Table 1. Communicative language used by full-time students in Hong Kong (Hong Kong Government, 2016)
As for full-time students from ethnic minority groups in Hong Kong, there are 6,528 Indian students, followed by Pakistani students (6, 059), Nepalese students (3, 809), Filipino students (3,370), Thai students (513), and Indonesian students (288).
Table 2. Ethnicity of full-time students in Hong Kong (Hong Kong Government, 2016)

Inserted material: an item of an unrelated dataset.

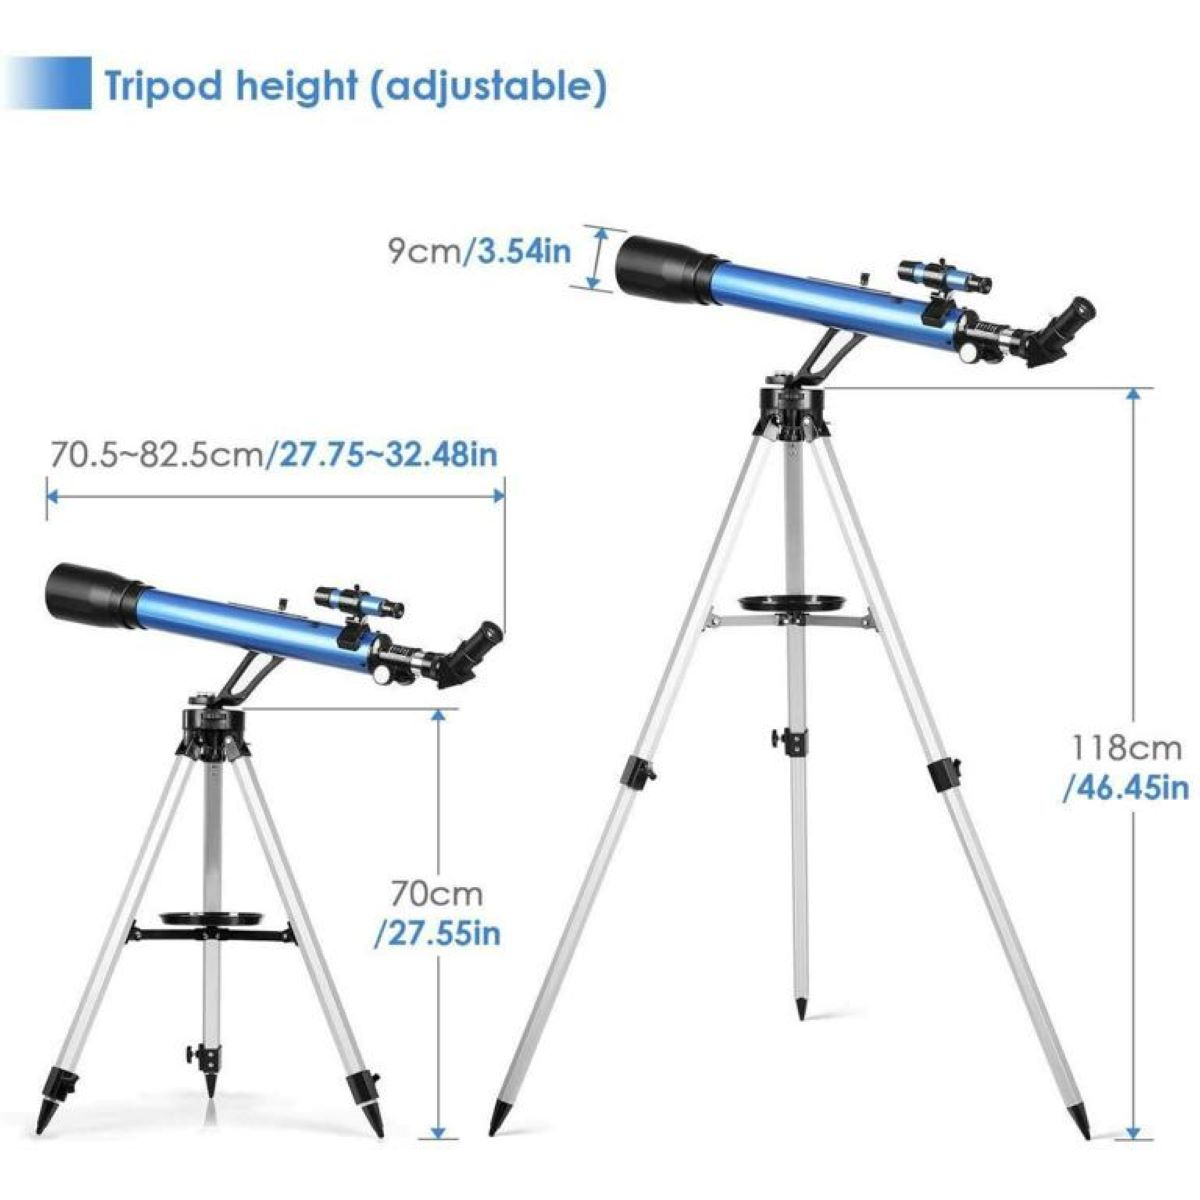 60 Teleskop Binocular mm, 28x, 117x, TELMU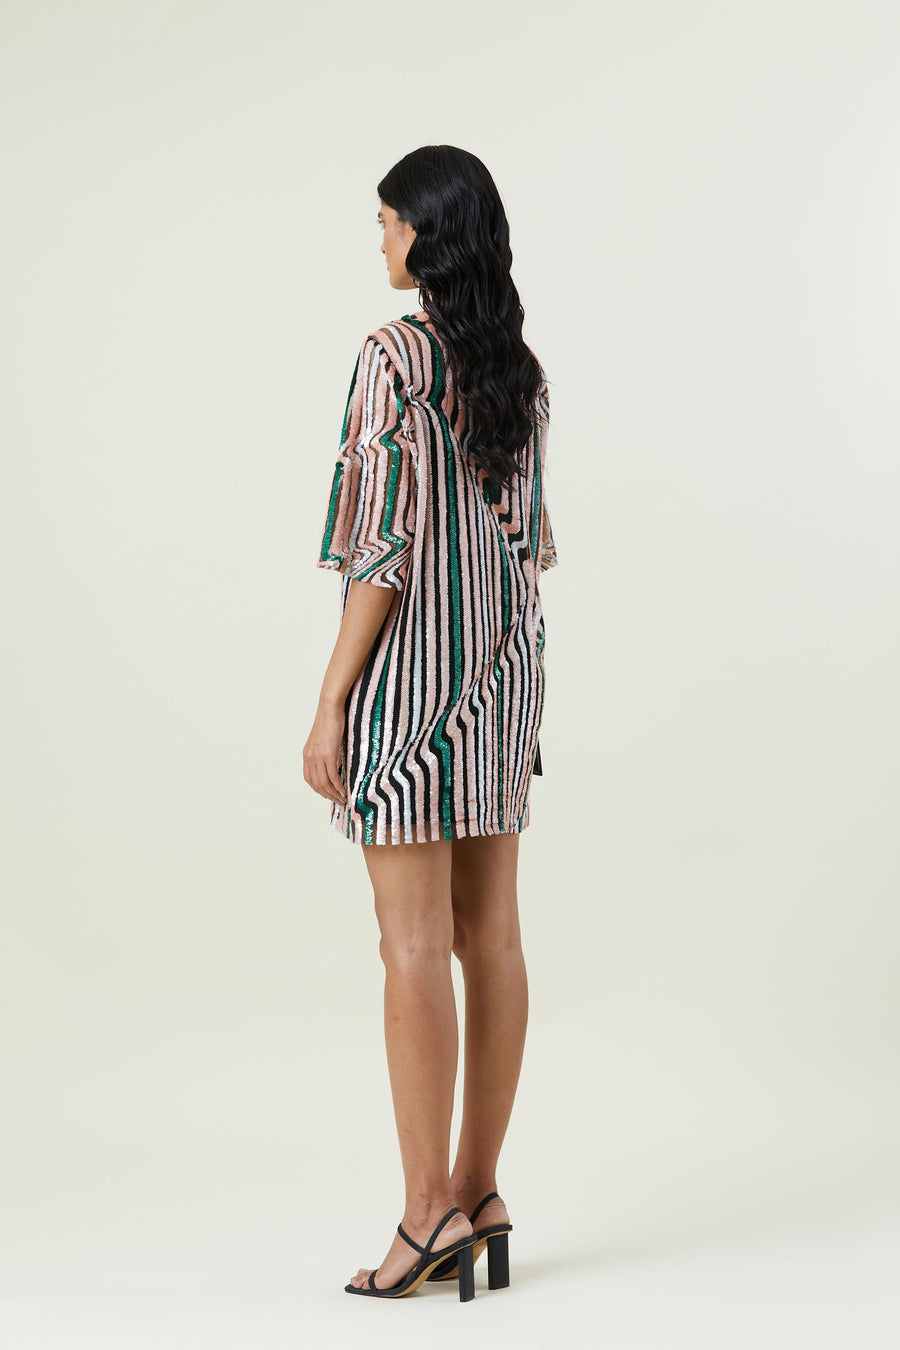 'GUMDROP' ILLUSION EMBELLISHED DRESS - Kanika Goyal Label

English pronunciation features of the major ethnicity groups in Hong Kong are summarized in the following sections.
Philippine
For Philippine English, the phonology of which was described based on social class variation (Tayao, 2004). Speakers in Philippine were classified into 3 groups, acrolectal, mesolectal, and basilectal (Llamzon, 1997). Speakers from different groups have both common and different phonological features (Tayao, 2004). The voiced stops /b/, /d/, and /g/ are consistently prevoiced when they are in onset position, and /s/ and /z/ may sometimes neutralize in coda position (Lesho, 2018). Speakers in the basilect and mesolect group do not aspirate /p/, /t/, and /k/, while they are aspirated by speakers in the acrolect group only. /tʃ/ is usually pronounced as /ts/, and /dʒ/ as /dj/ word-initially or /ds/ word-finally (Tayao, 2008). The substitution of /p/ for /f/ is common, and /θ/ and /ð/ are sometimes stopped to /t/ and /d/ (Hiramoto, 2011). As for vowels, /æ/ is often merged with /a/. Lacking /æ/ and/or /ʌ/ and merging tense and lax vowel pairs are two common situations among speakers from mesolect and basilect groups (Tayao, 2008). For /eɪ/, all speakers had a slight offglide in the direction of /i/ (Lesho, 2018).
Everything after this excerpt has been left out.